Read Murder At The Masque Online
Authors: Amy Myers
A sensitive young man, however, Alfred had not lost sight of the fact that dear Emmeline – matters had
progressed quickly by English standards – was in need of his assistance only in order to free her beloved Bastide.
As trains and coaches and carriage excursions organised by Thomas Cook were deemed to be for the
hoi polloi
, the party had decided to take their own carriages, which could usefully be left at the Hôtel Muraour et de la Poste to await their return.
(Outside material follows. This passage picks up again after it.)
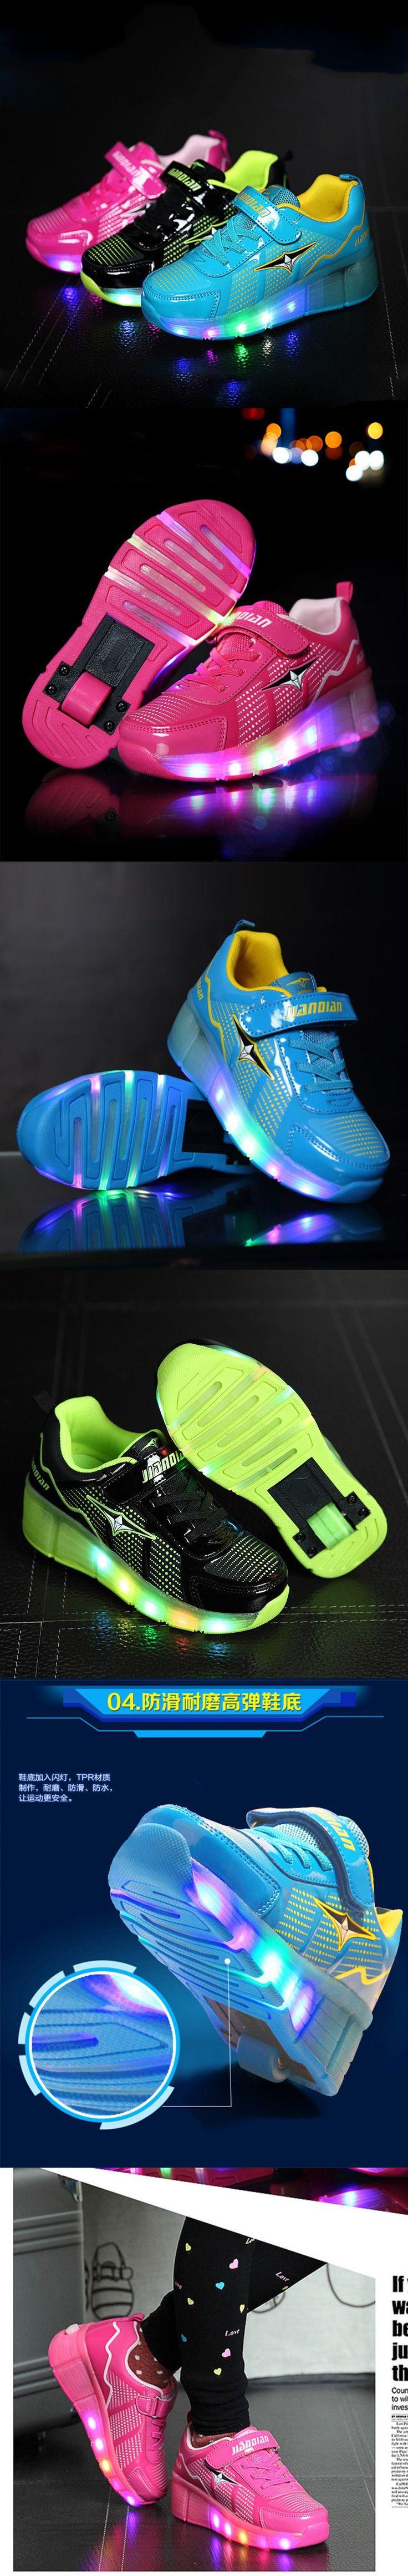 Child Heelys Girls Boys LED Light wHeelys Roller Skate Shoes For Children Kids Sneakers With Wheels Zapatillas Con Ruedas

Doubts however were aroused when it was discovered that the coachmen awaiting their return would have recourse to the proprietress’s excellent wine, home-made from her own vineyard.
Ah, this was the true France, decided Auguste, as they sipped a glass of wine in Madame’s garden. Soon it would be summer and the English would be gone, fearing the effects of the vicious sun. Did they ever wonder how the French endured this torment? he pondered, laughing at yet another oddity of the British. Or was it fashion, not nationality, that demanded this need to empty the Riviera during the summer months?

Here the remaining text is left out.